Pour répondre à cette exigence, un arrangement complexe a été établi, maintenant l’Irlande du Nord dans le marché unique européen afin de préserver la libre circulation avec la République d’Irlande. Parallèlement, des contrôles douaniers ont été instaurés entre l’Irlande du Nord et la Grande-Bretagne, créant une « frontière » dans la mer d’Irlande.
Bien que ce compromis ait été salué par certains, les unionistes nord-irlandais l’ont qualifié d’« absurde » et d’« anticonstitutionnel », dénonçant cette frontière maritime.
La perspective d’une Irlande unifiée
Outre l’opposition traditionnelle des unionistes vis-à-vis d’une frontière maritime, celle-ci apparaît aussi comme une menace existentielle car elle pourrait précéder ce que ces mêmes unionistes redoutent le plus : la réunification de l’Irlande. De nombreux analystes estiment que la réalisation du Brexit a considérablement renforcé la probabilité d’une unification de l’île, une perspective plus tangible qu’elle ne l’a été depuis plusieurs décennies.
Lord David Blunkett, ancien ministre de l’Intérieur britannique ayant participé aux négociations de l’Accord du Vendredi saint, qualifie le Brexit de « catastrophe ». Selon lui, la sortie du Royaume-Uni de l’UE sera utilisée par certaines régions du Royaume pour tenter de se détacher du Parlement de Westminster.

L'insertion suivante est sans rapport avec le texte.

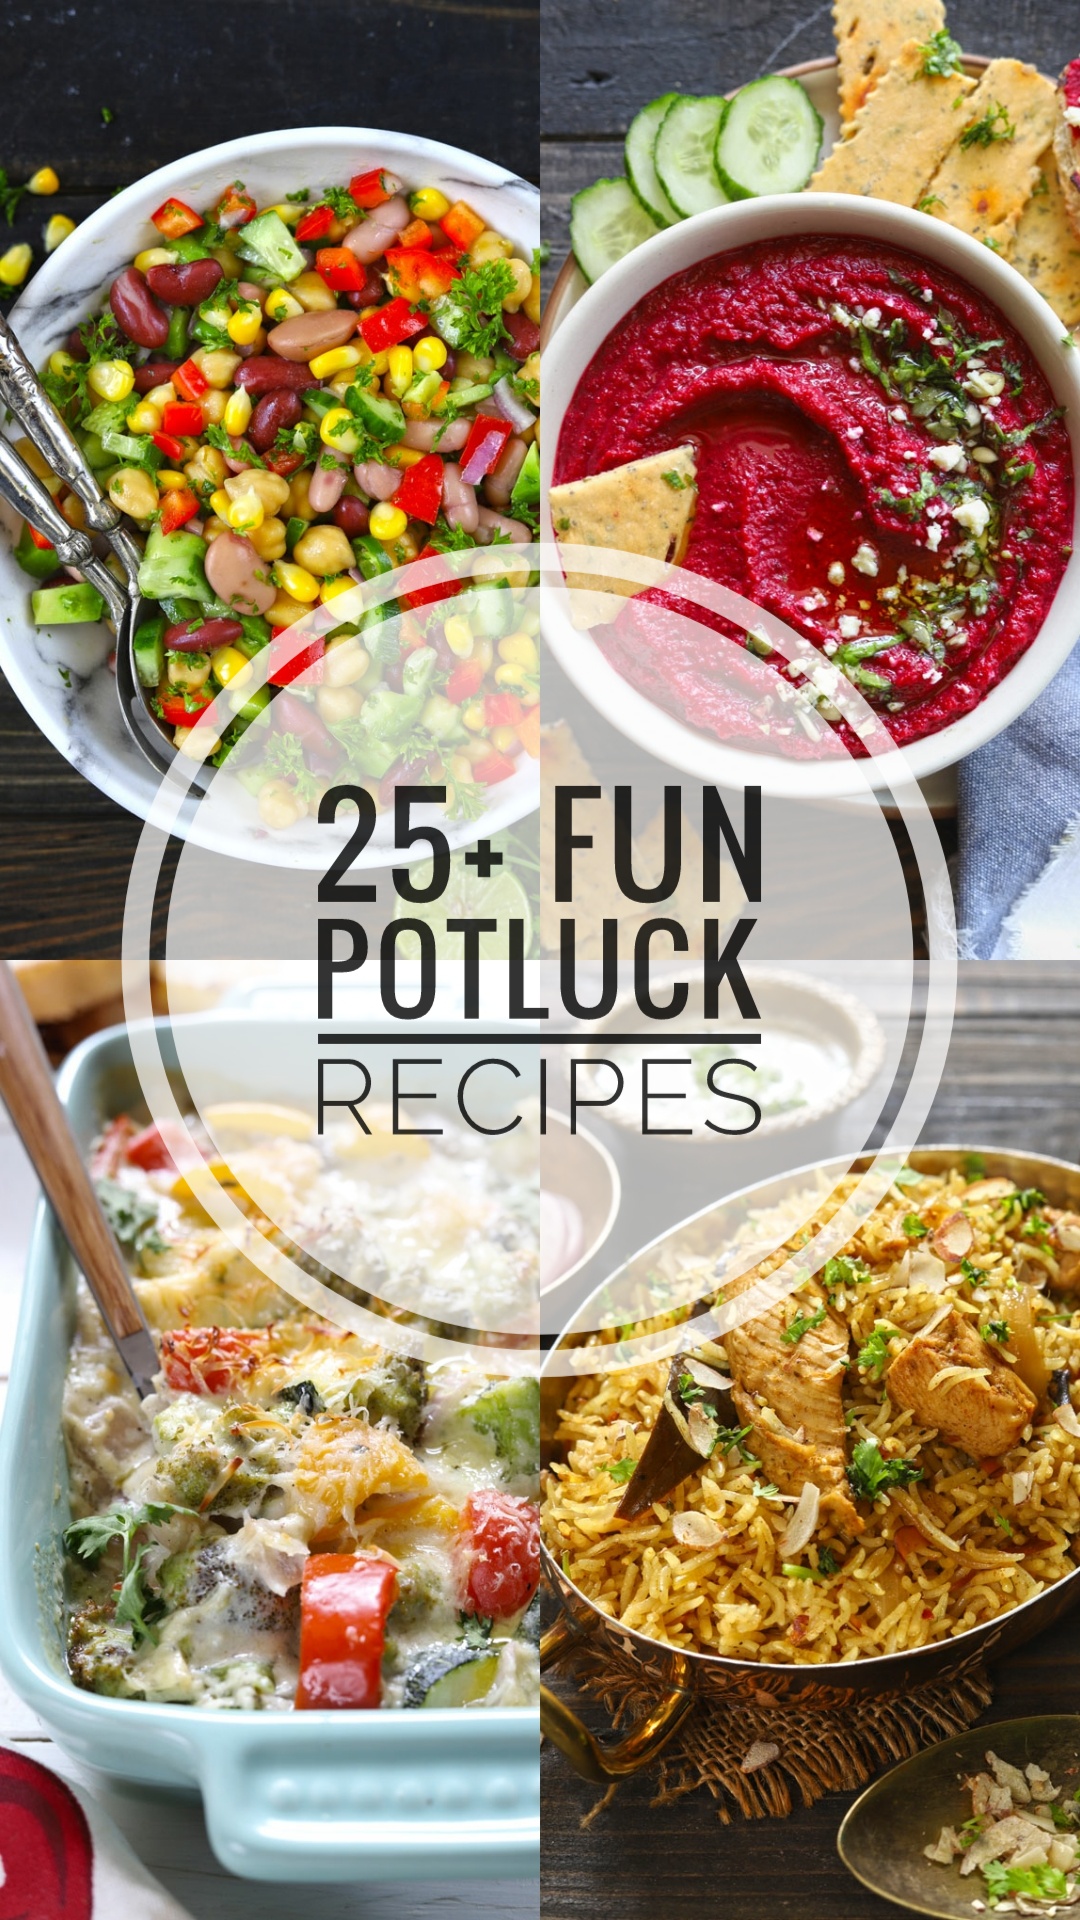 How To Host A Potluck: 40 Potluck Ideas Tips And Themes Boissons Saines ...

Il affirme ainsi : « Je crois que cet accord accélère la possibilité, dans les vingt-cinq prochaines années, d’une Irlande unifiée. Nous célébrons cette année le centenaire de la partition de 1921. Un siècle plus tard, nous sommes confrontés aux contradictions que pose la relation entre l’Irlande du Nord et l’Union européenne, et, par extension, entre l’Irlande du Nord et le reste de la Grande-Bretagne. »
Blunkett anticipe des conséquences « très inquiétantes pour l’avenir », mettant en doute la pérennité du Royaume-Uni en tant qu’union de quatre nations.